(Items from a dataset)
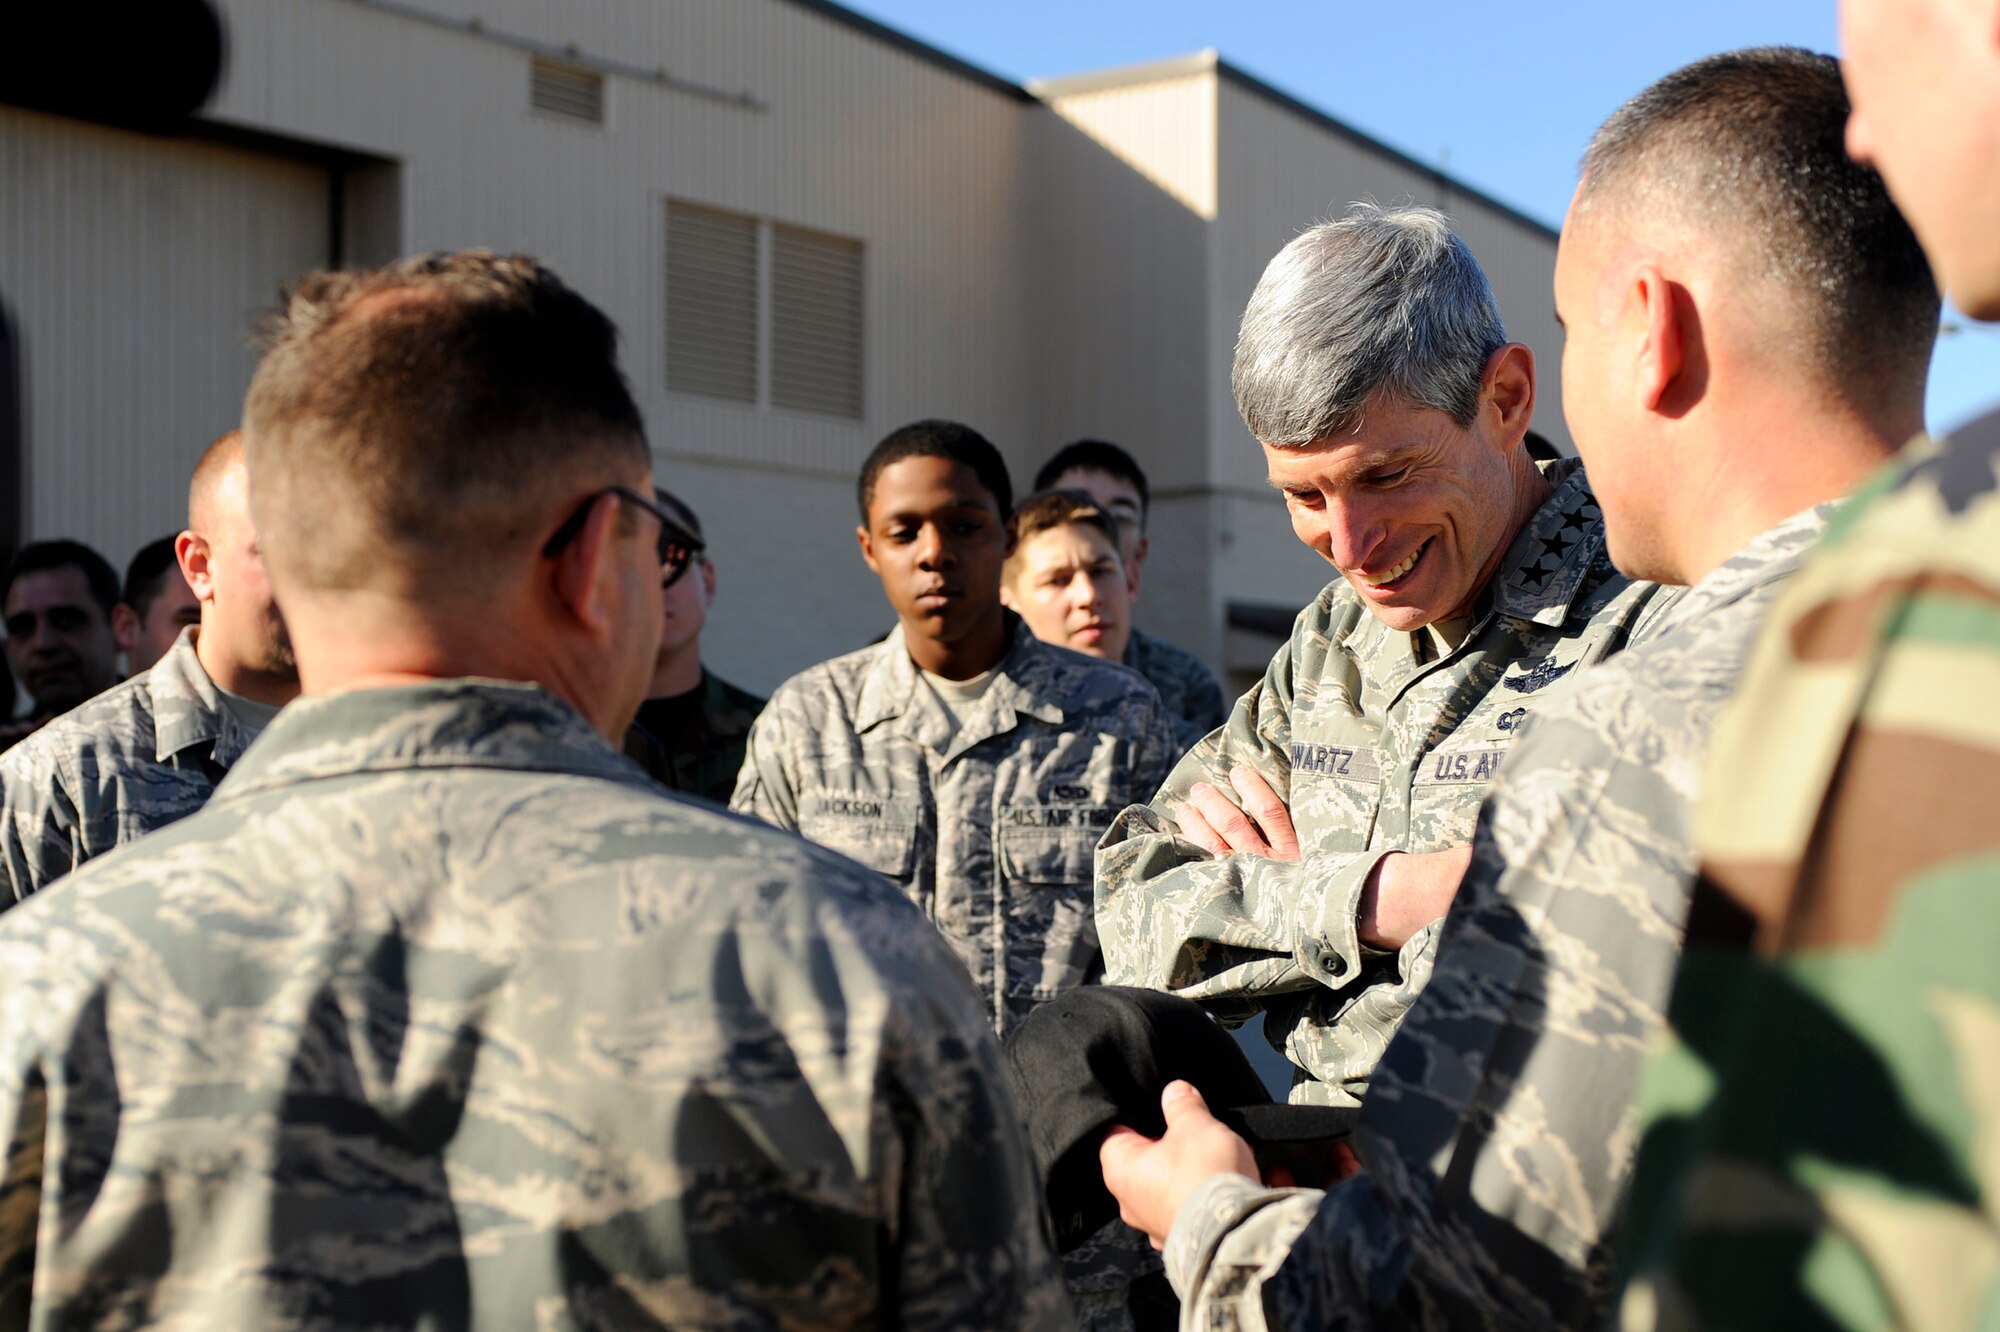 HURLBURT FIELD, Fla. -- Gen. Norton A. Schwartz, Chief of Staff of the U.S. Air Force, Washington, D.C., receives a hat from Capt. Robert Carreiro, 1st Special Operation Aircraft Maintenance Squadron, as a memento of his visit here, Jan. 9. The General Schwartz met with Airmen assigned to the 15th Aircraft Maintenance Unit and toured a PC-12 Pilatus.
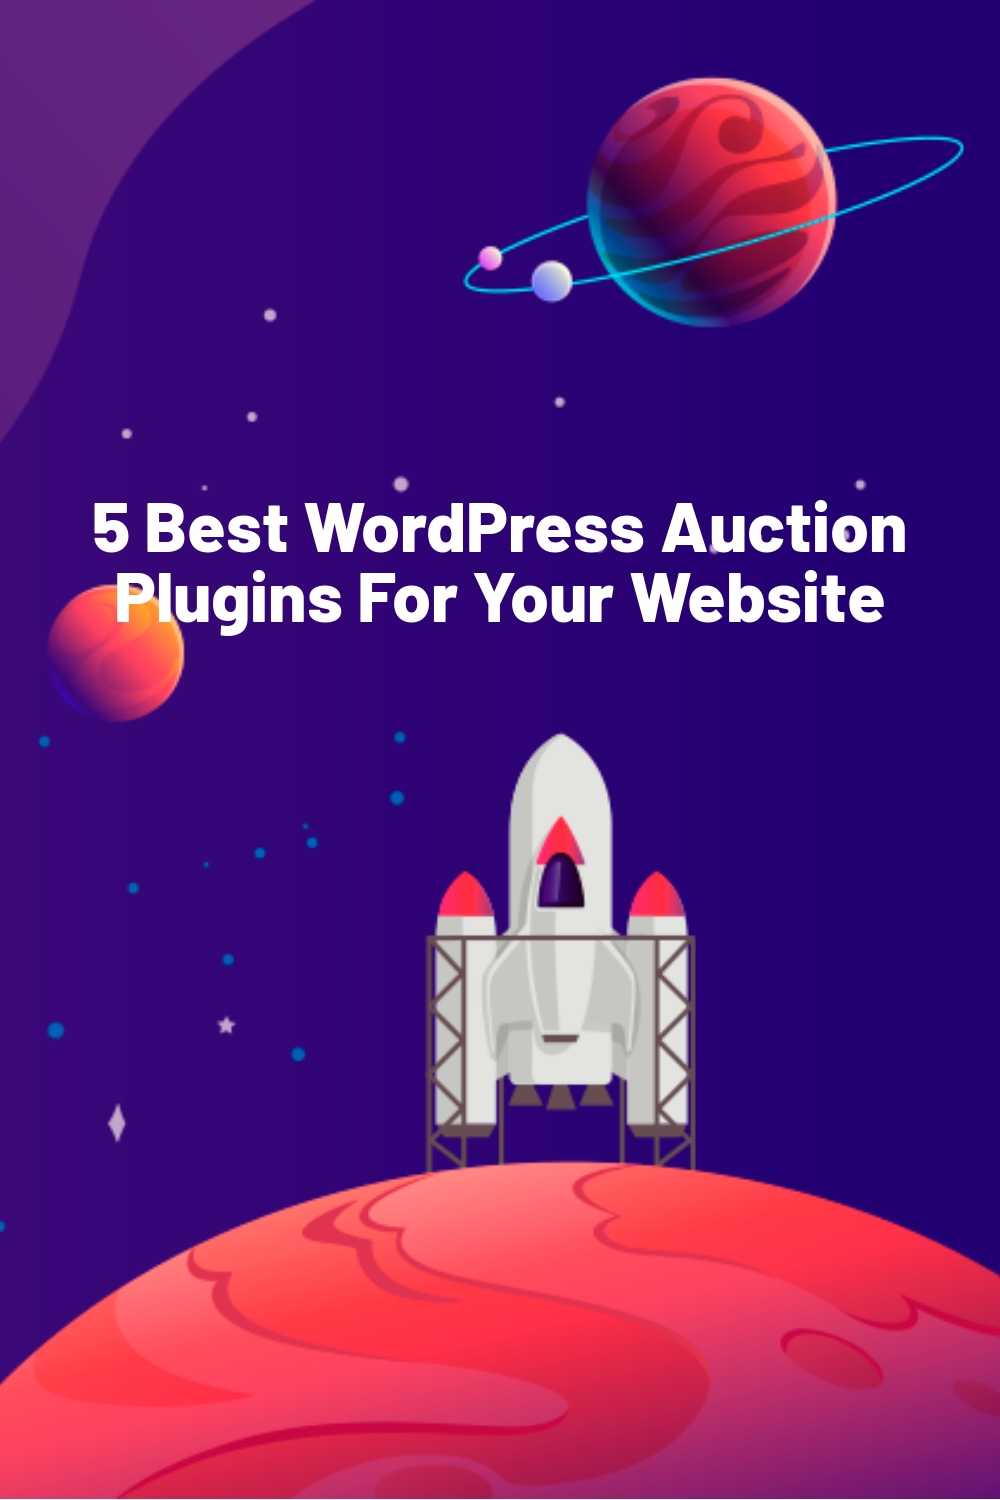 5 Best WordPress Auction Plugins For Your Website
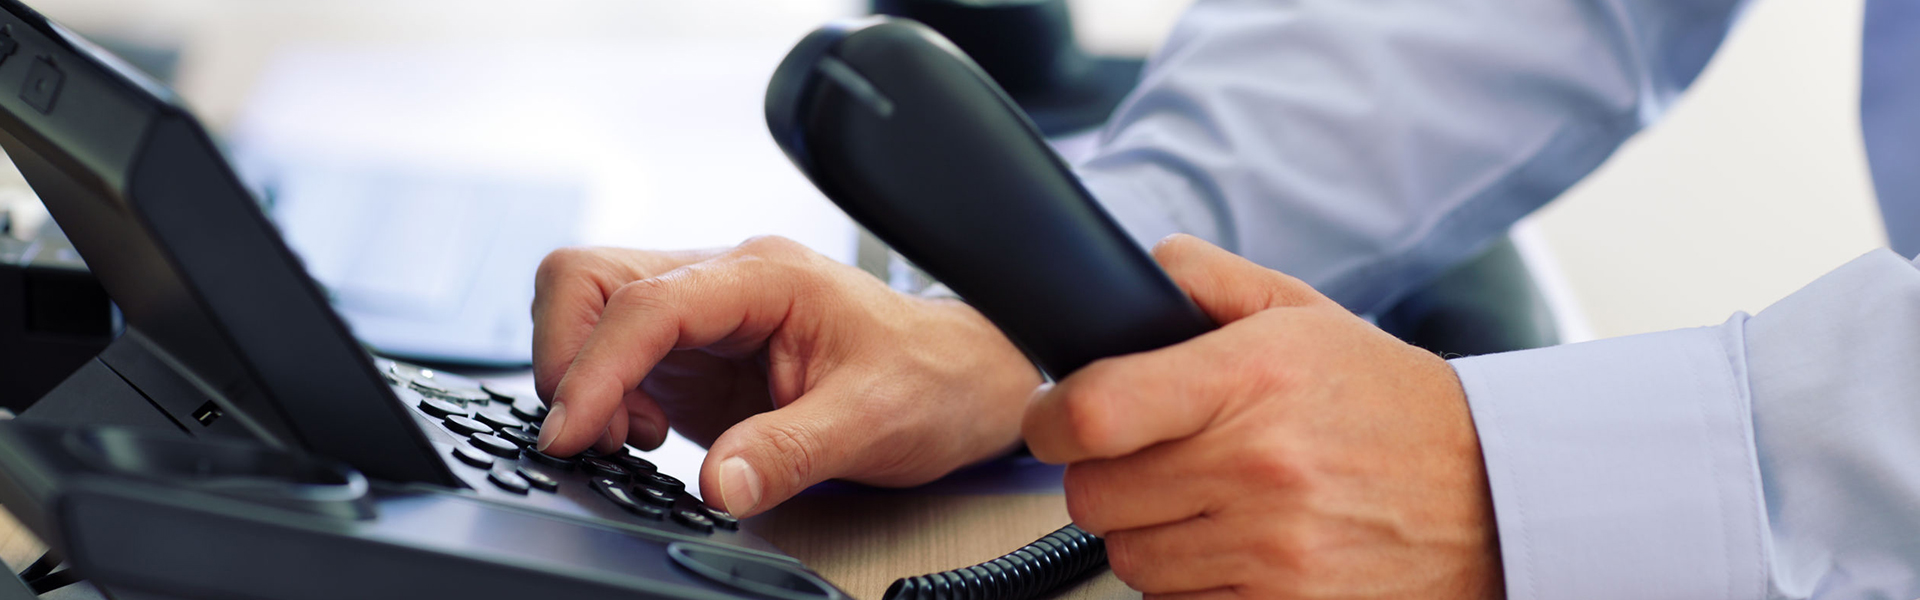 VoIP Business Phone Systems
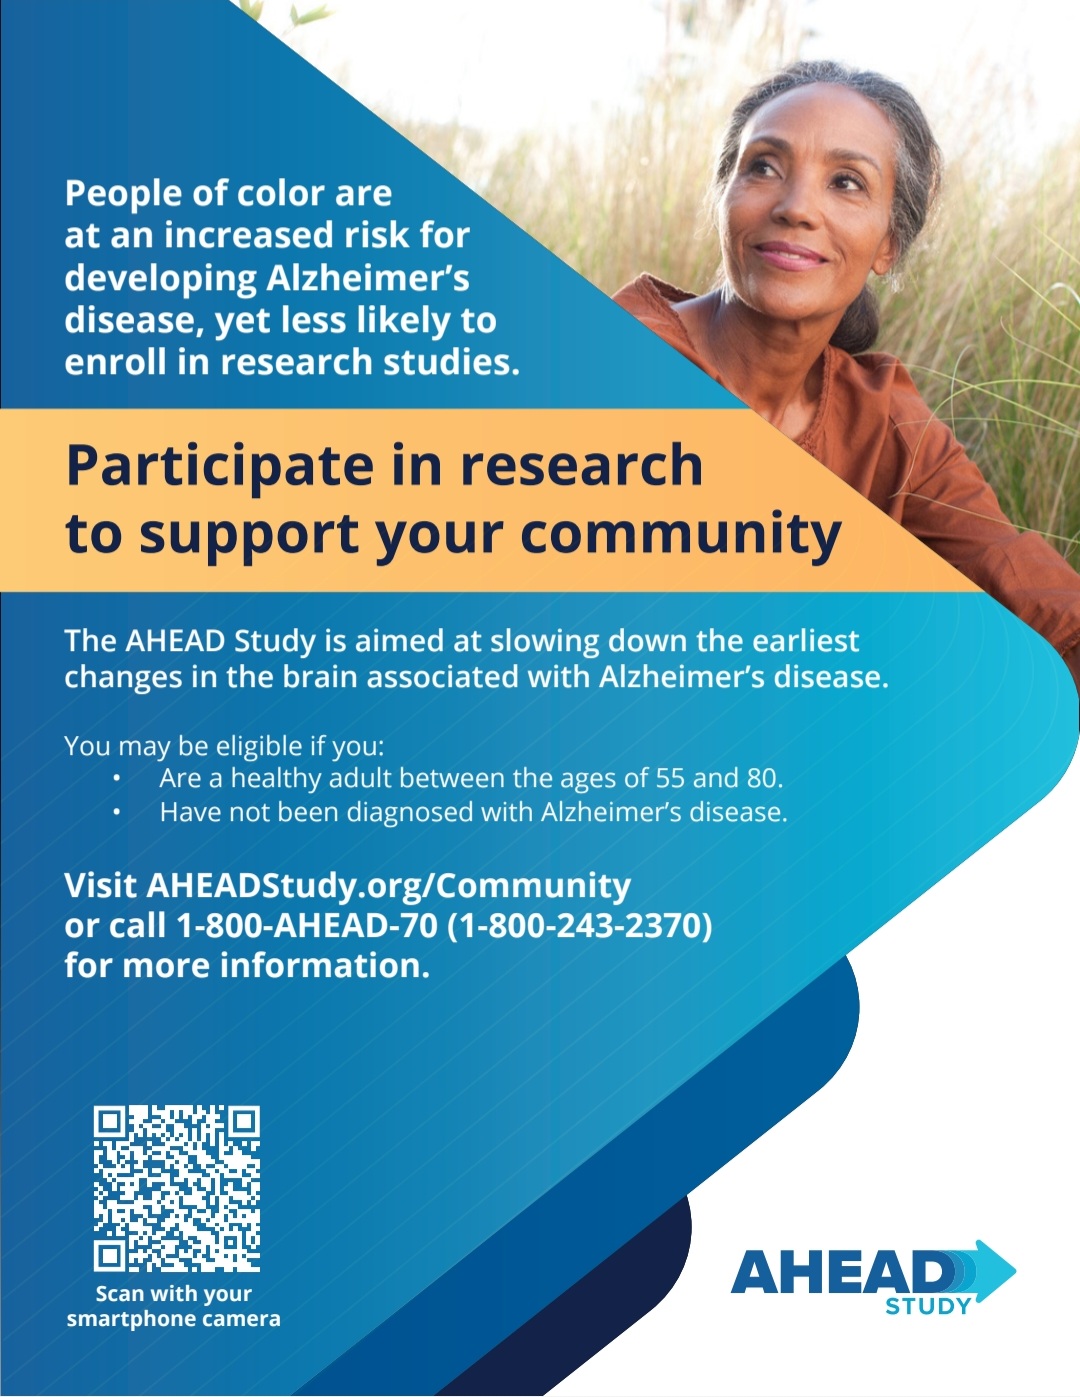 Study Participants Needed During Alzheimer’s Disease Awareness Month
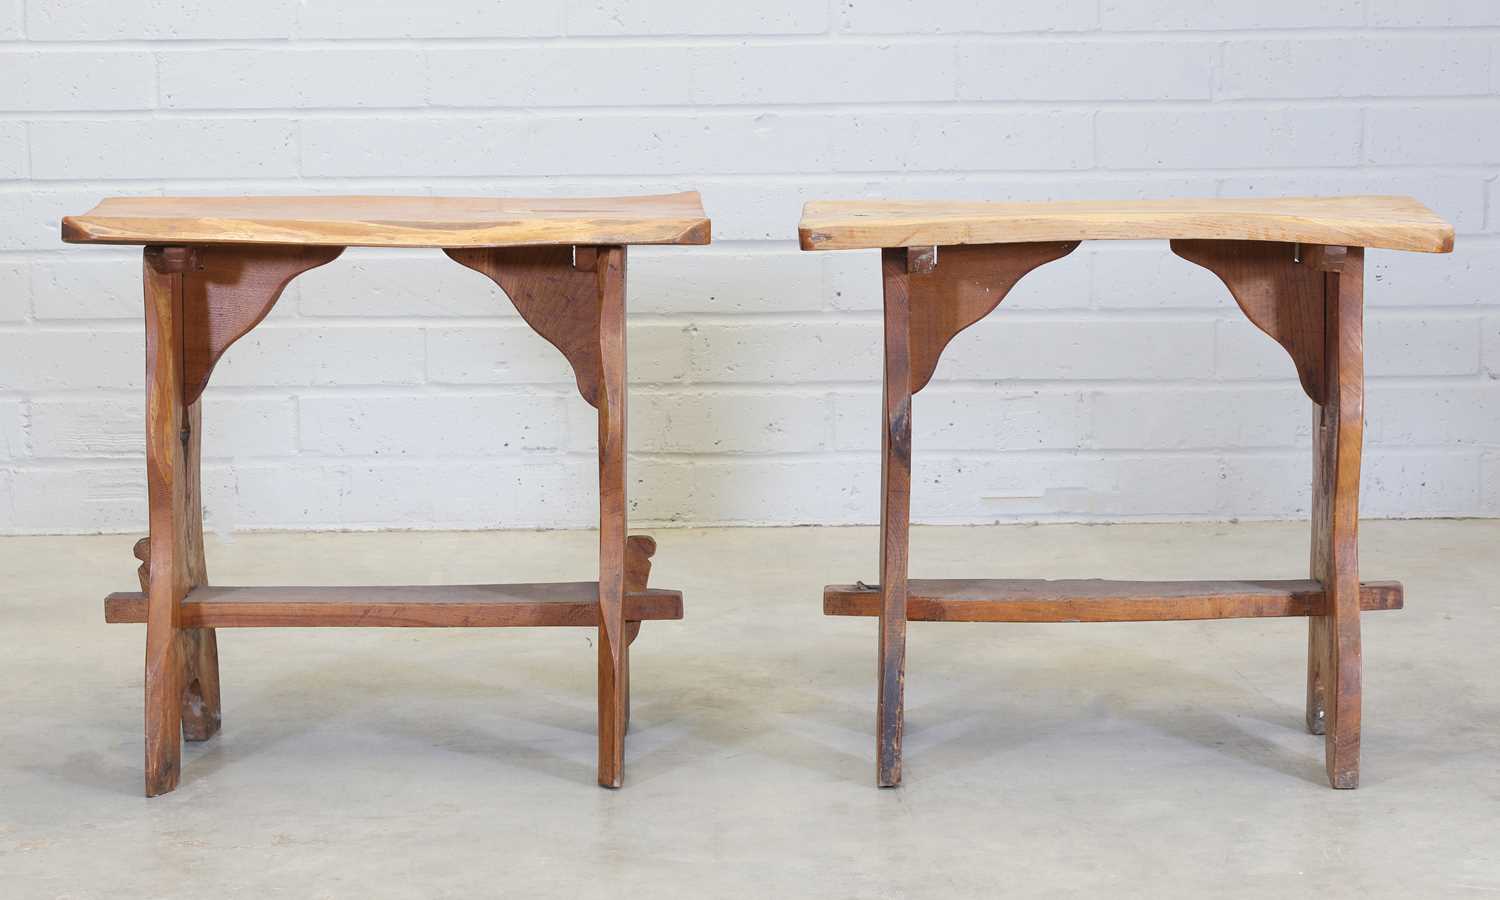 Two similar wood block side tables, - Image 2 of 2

Assignment
All lines above are to be restated word for word, with pictures excluded.

Solution for this task
 HURLBURT FIELD, Fla. -- Gen. Norton A. Schwartz, Chief of Staff of the U.S. Air Force, Washington, D.C., receives a hat from Capt. Robert Carreiro, 1st Special Operation Aircraft Maintenance Squadron, as a memento of his visit here, Jan. 9. The General Schwartz met with Airmen assigned to the 15th Aircraft Maintenance Unit and toured a PC-12 Pilatus.
 5 Best WordPress Auction Plugins For Your Website
 VoIP Business Phone Systems
 Study Participants Needed During Alzheimer’s Disease Awareness Month
 Two similar wood block side tables, - Image 2 of 2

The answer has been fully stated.